Open MPI logo

Hardware Locality Users' Mailing List Archives

  |   Home   |   Support   |   FAQ   |   all Hardware Locality Users mailing list

Subject: Re: [hwloc-users] possible concurrency issue with reading /proc data on Linux
From: Brice Goglin (Brice.Goglin_at_[hidden])
Date: 2012-04-21 17:26:07

On 21/04/2012 23:08, Vlad wrote:
> Greetings,
> I use hwloc-1.4.1 stable on Red Hat 5 and am seeing a possible
> concurrency issue not covered by the "Thread Safety" guidelines:
> - I start a small number (4) of threads, each of which does some work
> and periodically executes hwloc_get_last_cpu_location() with
> - occasionally, one or two of those threads will see the call fail
> with ENOSYS (even though the same call has already executed
> successfully a number of times)
> These errors are transient and seem to occur only when some of the
> threads in the group are terminating. I've skimmed through the
> implementation in topology-linux.c and it seems plausible to me that
> the errors could be caused by failure to read /proc state "atomically"
> in the presence of concurrent thread starts/exits.
> Of course, the latter is hard (impossible ?) to do because the state
> always changes and a snapshot can only be obtained with a single
> read() (which in turn would require knowing how many thread entries to
> expect in advance). However, returning ENOSYS in such cases does not
> seems intended but rather a flaw in retry logic. Similar issues may be
> present with other API methods that rely on
> hwloc_linux_foreach_proc_tid() orhwloc_linux_get_proc_tids().
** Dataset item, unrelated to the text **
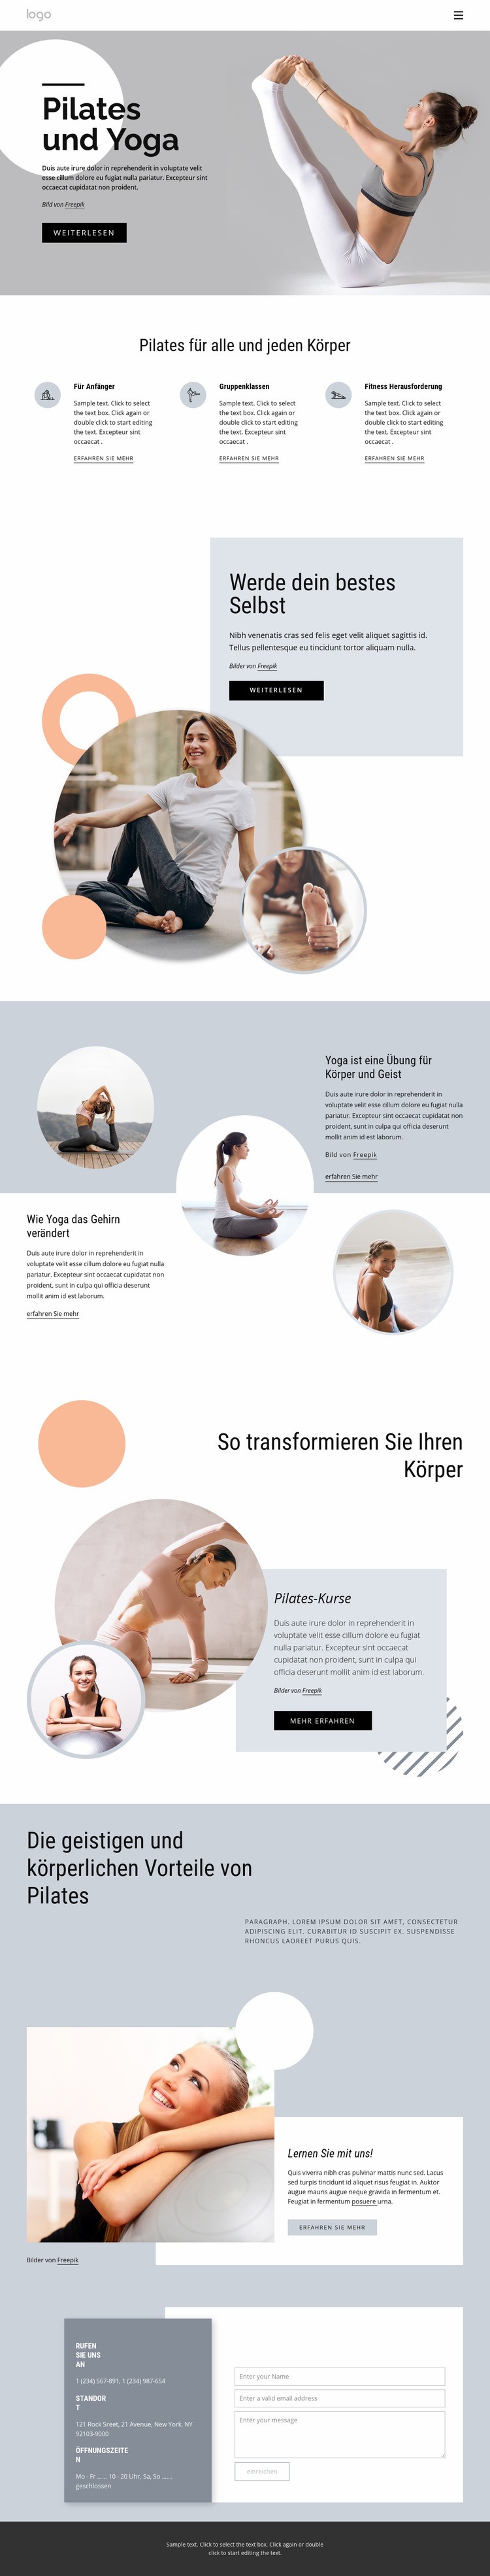 Pilates und Yoga Zentrum Website-Modell
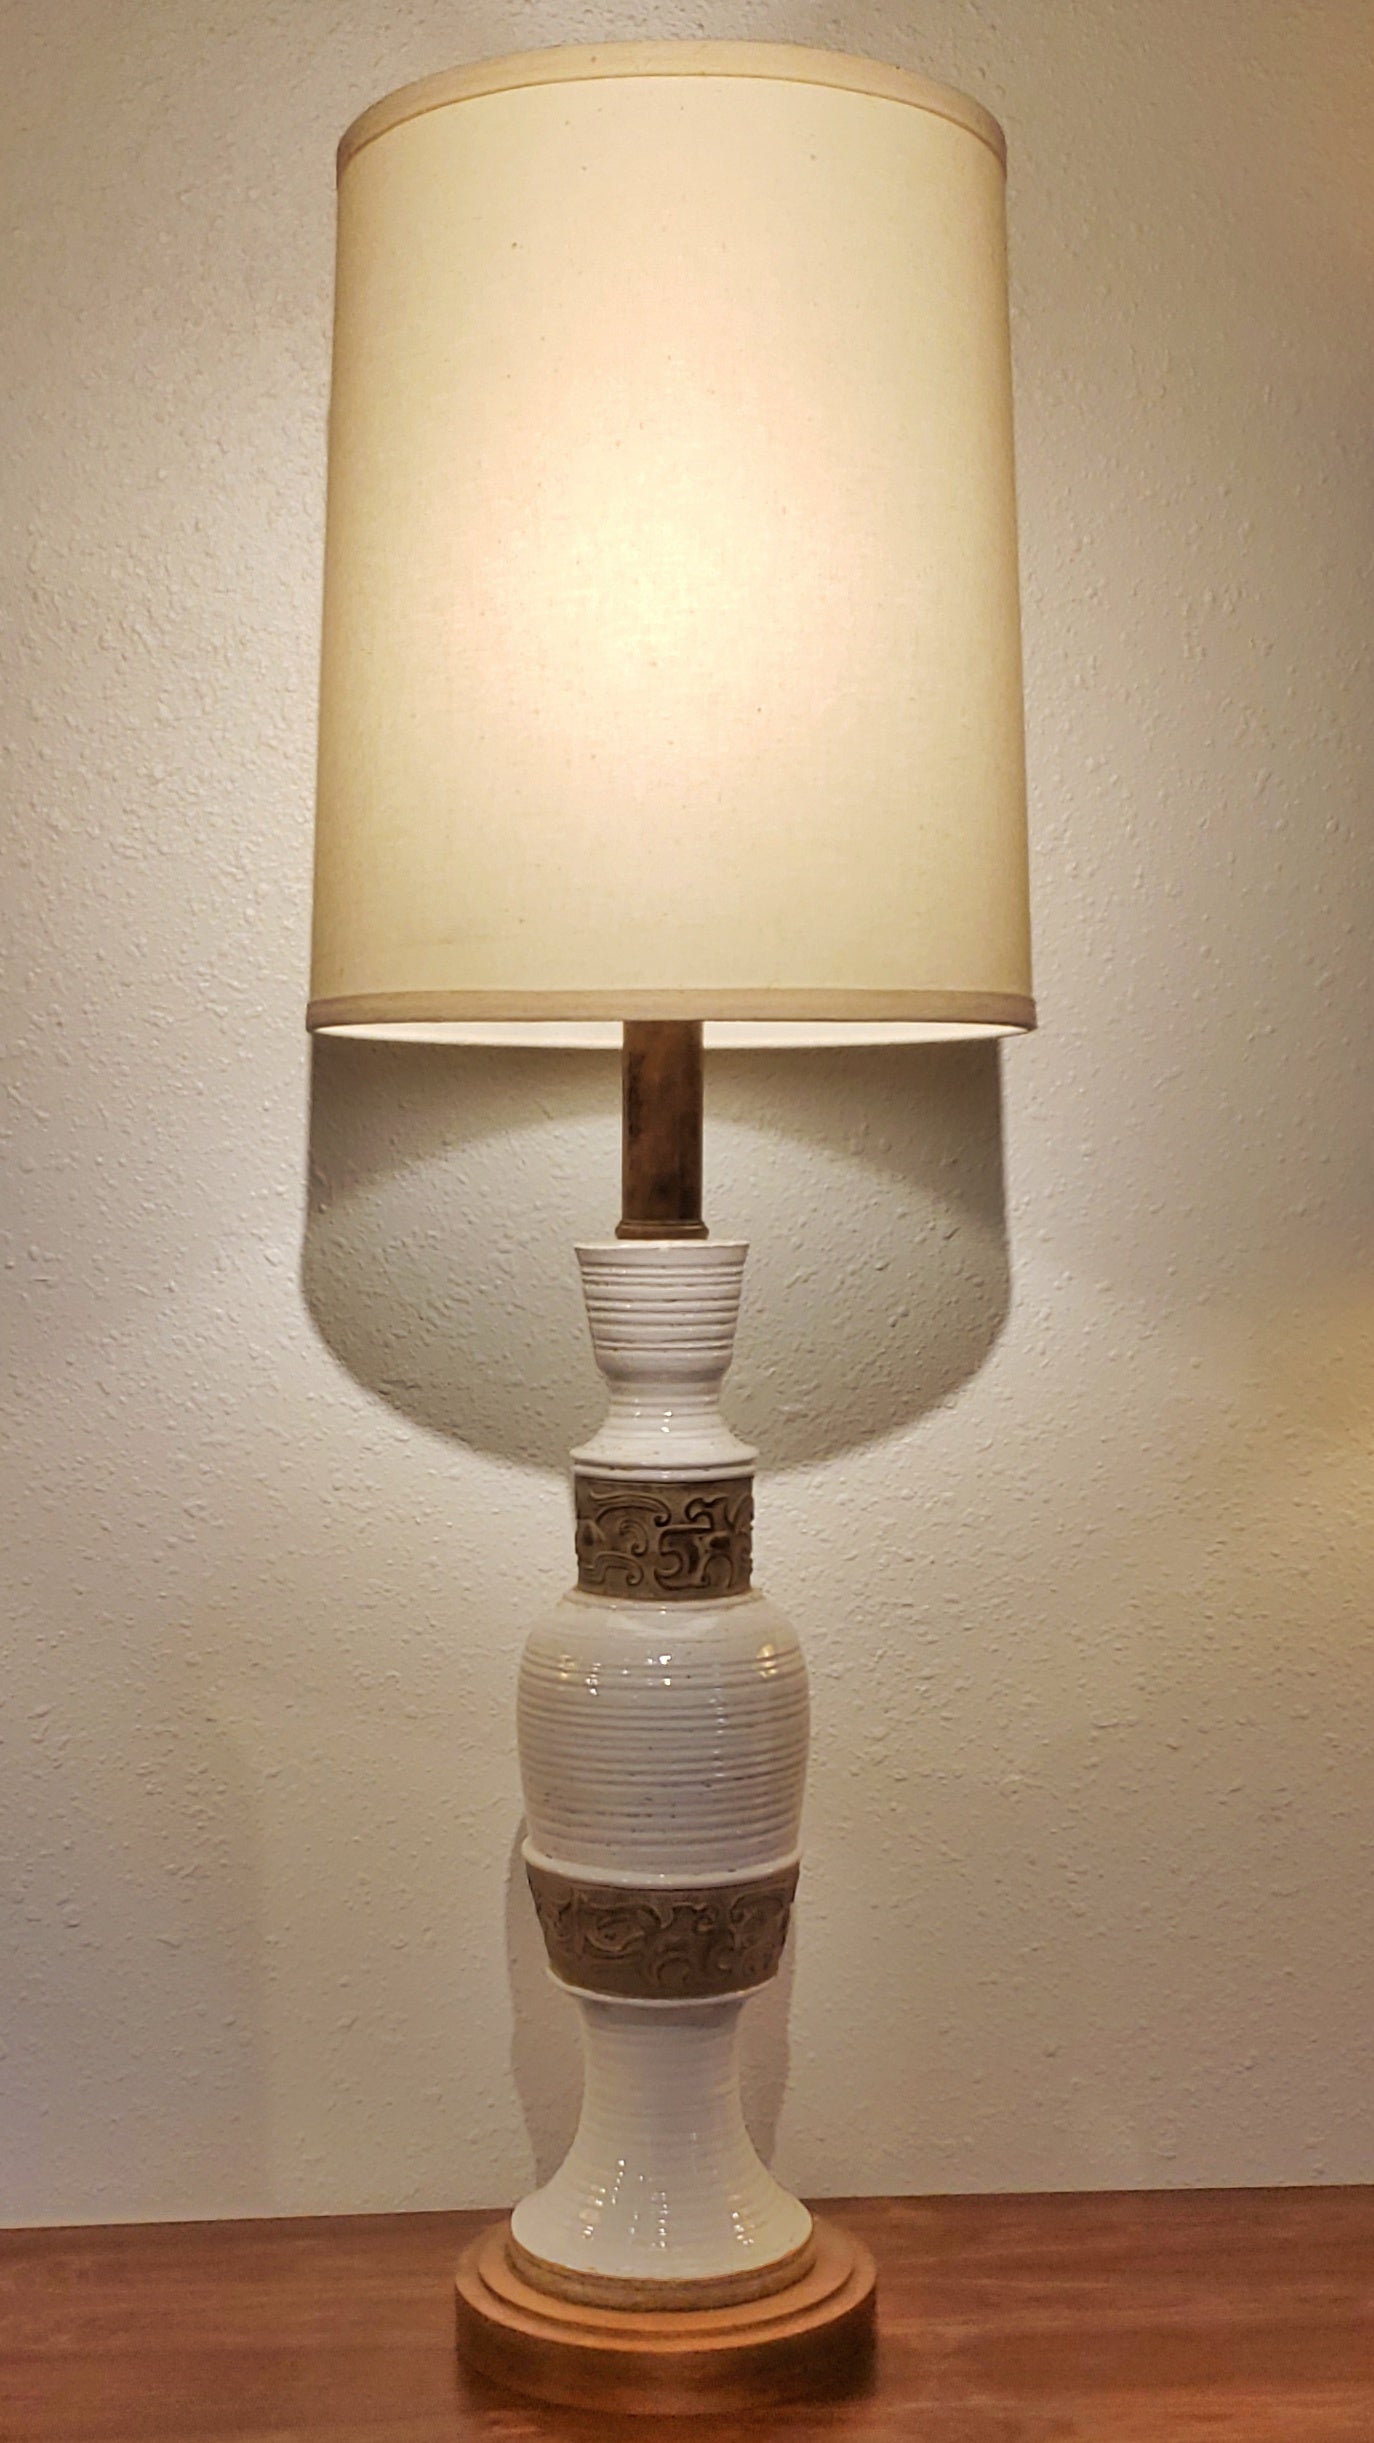 URBANO ZACCAGNINI TABLE LAMP (1940s)

Can you try the attached patch? It doesn't abort the loop immediately on
per-tid errors anymore. This may work better when threads disappear. I
don't remember if the retry logic was written while thinking about
adding threads only or about adding and removing threads.

If the patch doesn't help, can you send your code to help debug things?

> An alternative explanation could be that the retry logic is correct
> but the implementation relies on readdir(), which is documented to not
> be thread-safe:

I don't this can happen. Your threads should not be accessing the same
DIR stream here.